As far as I know, you can't. I proved it the way I did because that's the only way I can see to prove it.

My question in return is, so what? Why should I have to prove it some other way, when I've already proved it this way?

 

[fab13]

As far as I know, you can't. I proved it the way I did because that's the only way I can see to prove it.

Good, finally, you admit that you can't see another way to prove it. Imagine if you had not Eulcid and Hogg's papers, how could have you been to demonstrate that :

$$F(D_C)^2 = \frac{r^2(z)}{\sqrt{1 - K r^2(z)}}\quad(1)$$

??

So, I am keeping to look for this another way, hoping someone will help me as you tried kindly since many posts.

Thanks

 

[PeterDonis]

you admit that you can't see another way to prove it

When did I ever claim otherwise?

Imagine if you had not Eulcid and Hogg's papers, how could have you been to demonstrate that

The only reason this was an issue in the first place was because of the difference in the formulas between the Euclid paper and the Hogg article.
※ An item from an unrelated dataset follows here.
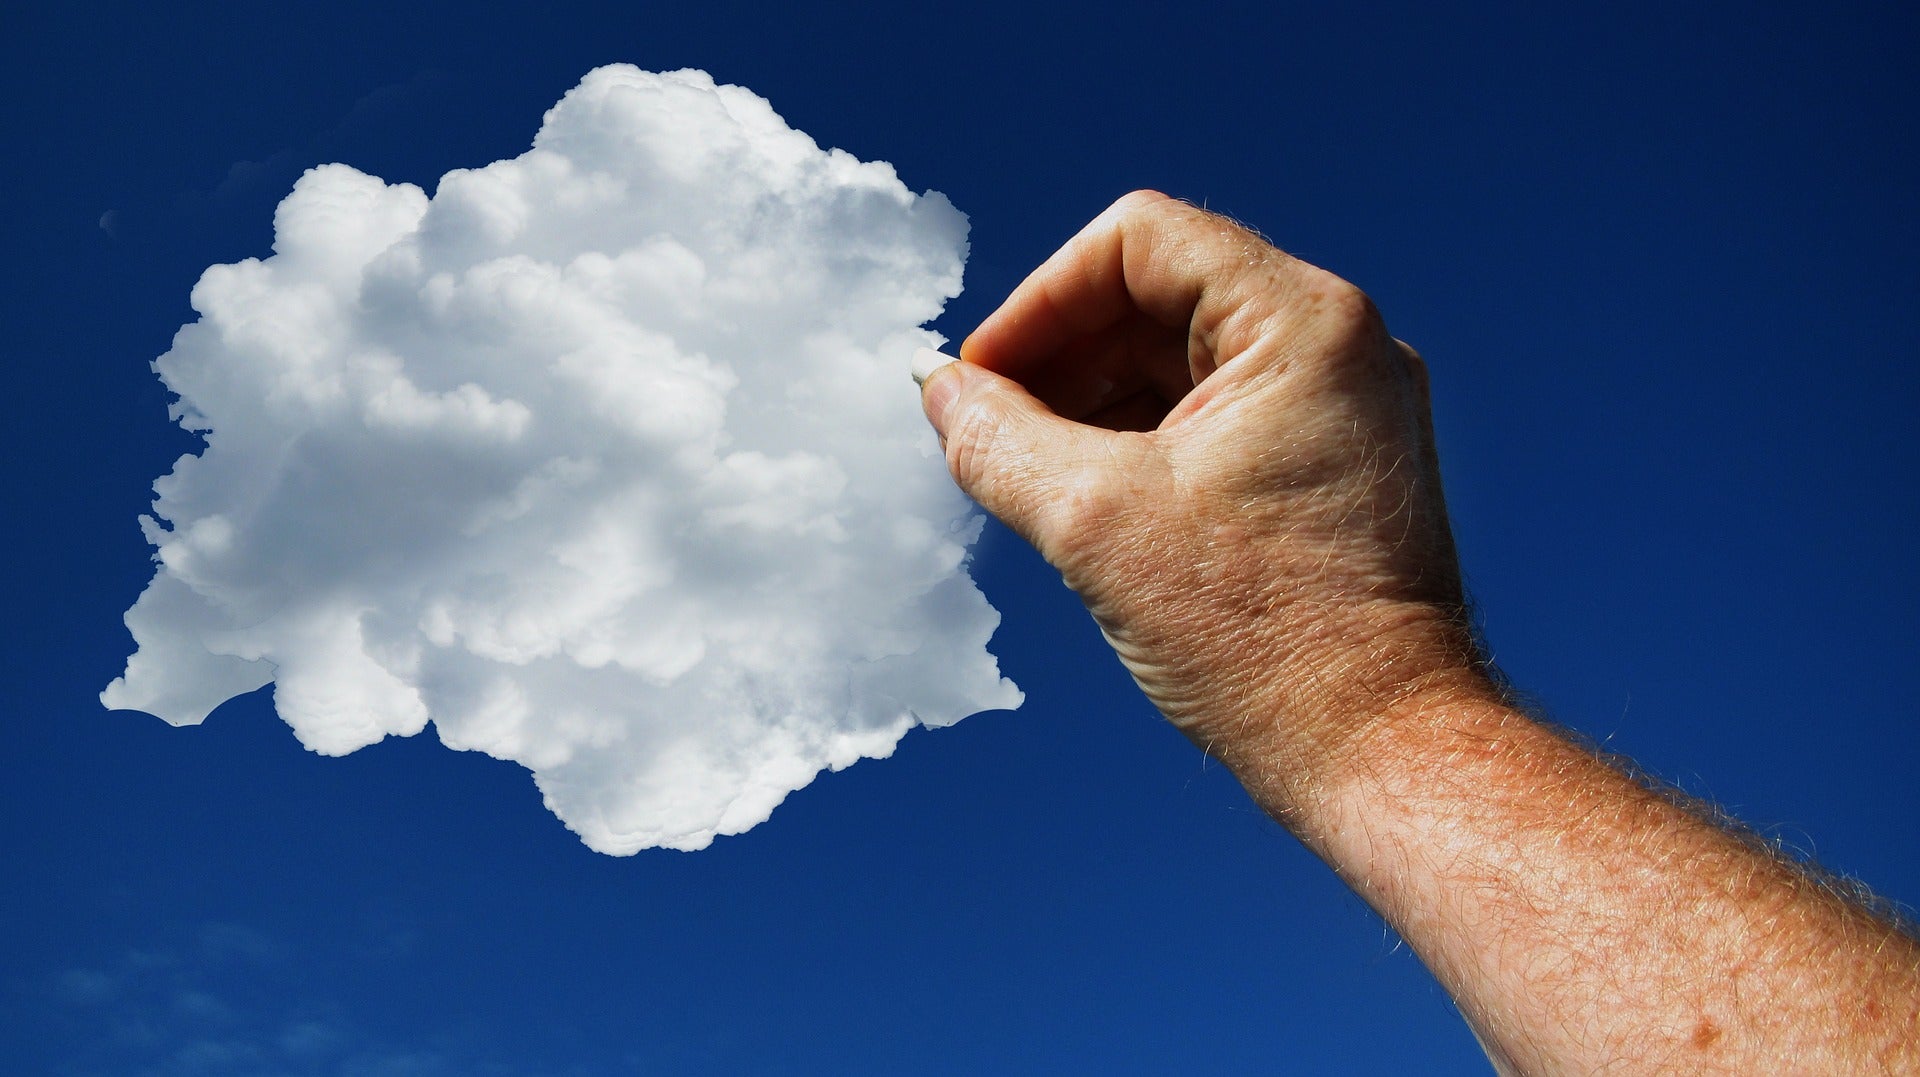 Misconfigured Clouds Spewing Sensitive Data, Warns McAfee

The Euclid paper's notation, as I think I already commented, does not seem to be standard (and, as I said, that confused me and caused me to make mistakes in earlier posts), and the paper does not recognize, as the Hogg article does, that there are two comoving distances, not one, and its non-standard notation invites confusion between the two.
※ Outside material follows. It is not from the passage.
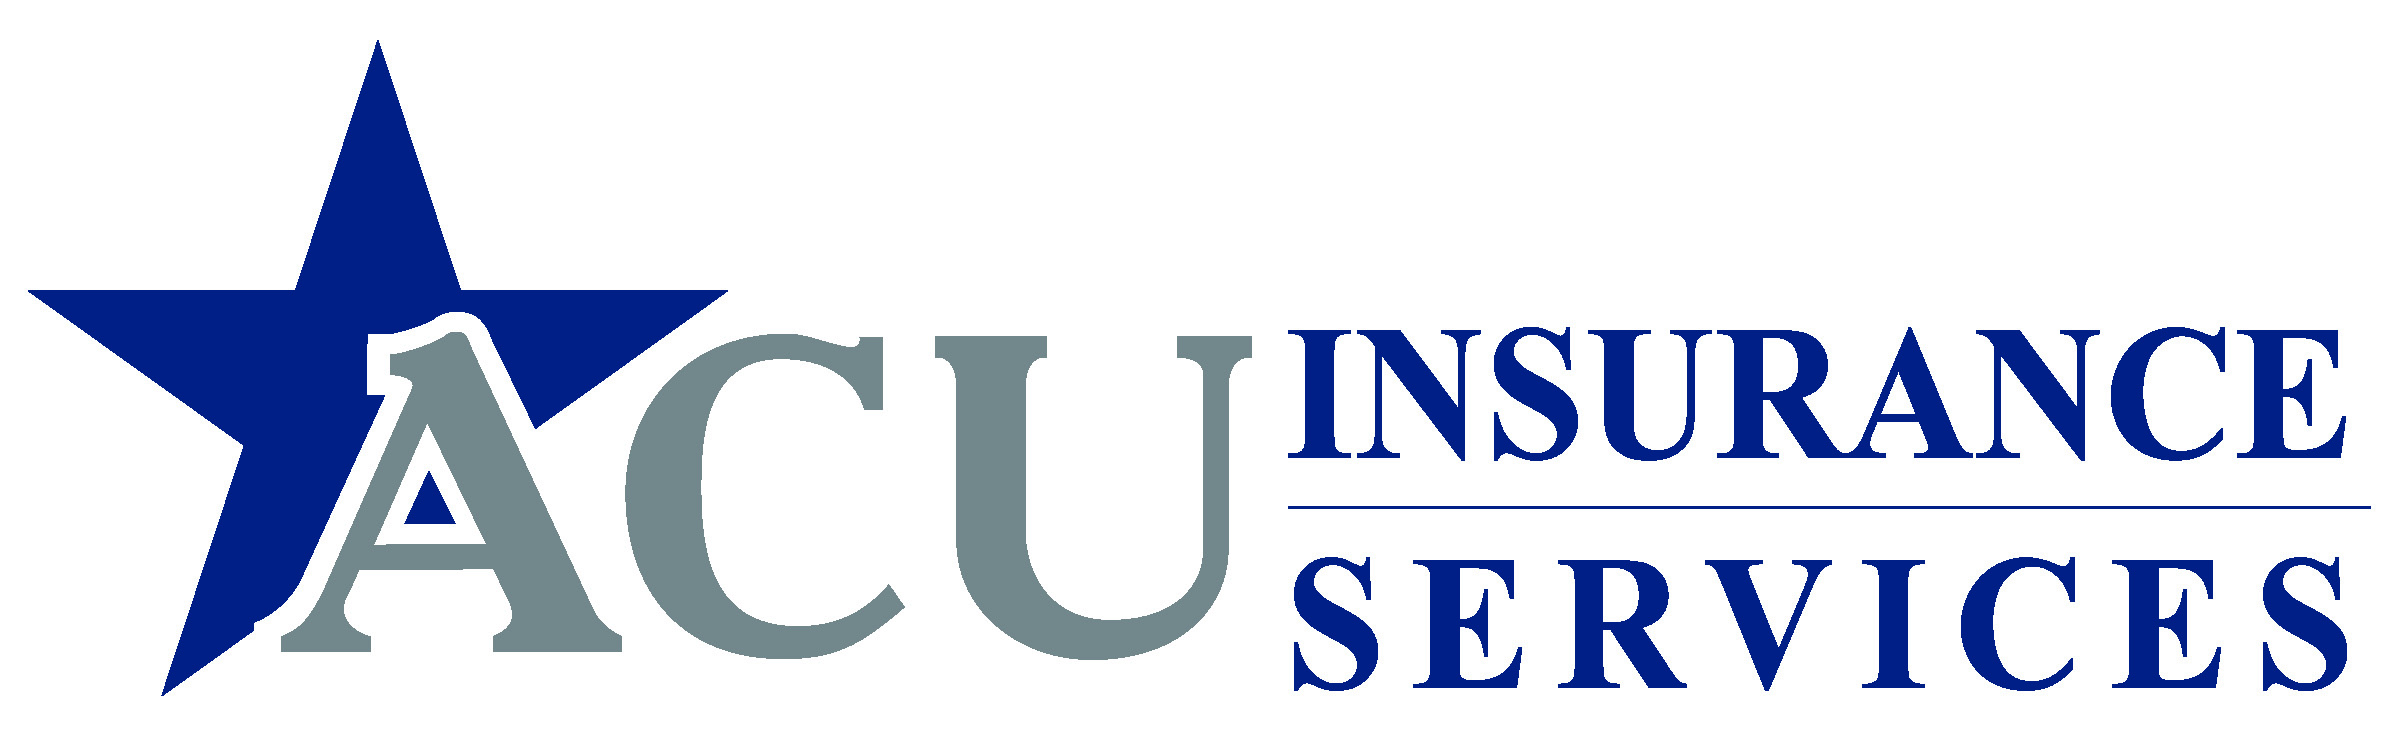 ACU Insurance Services

So the only point I see to this exercise at all is to try to make some sense out of what the Euclid paper is saying. I don't think the equation you are looking for another way to demonstrate has any relevance at all except in that context, and then only because of the Euclid paper's non-standard notation, in particular its non-standard usage of $r$.

 

[PeterDonis]

I am keeping to look for this another way

I think you need to stop and think about exactly what you are looking for.

If you are looking for a way to think about "the comoving volume between two redshifts" that is reasonably intuitive physically, I think your best bet is this equation from my earlier post:

$$
d V_C = D_M^2 \, d\Omega \ d D_C
$$

Here $D_C$ is the only function of $z$, so you can just use the definition of $D_C$ in terms of $z$ (which is given in Hogg's paper) to obtain a formula with $dz$ instead of $d D_C$, and integrate that between the two redshifts of interest. Then you just integrate the result over a full 2-sphere (i.e., over the full range of $\Omega$, which just results in multiplying your answer by a factor of $4 \pi$ for the area of the 2-sphere), and you're done. This is all straightforward in terms of the definitions given in Hogg's article, which are, as far as I know, standard in the cosmology literature.

I don't know why the Euclid paper chose a different notation and a different way of doing the integral; presumably they had some reason particular to the specific problem they were working on. Their paper looks like it is intended for an audience of experts in that particular subfield of cosmology, not for a broader readership, so they might have expected that their readers would be familiar with their notation and it wouldn't be an issue.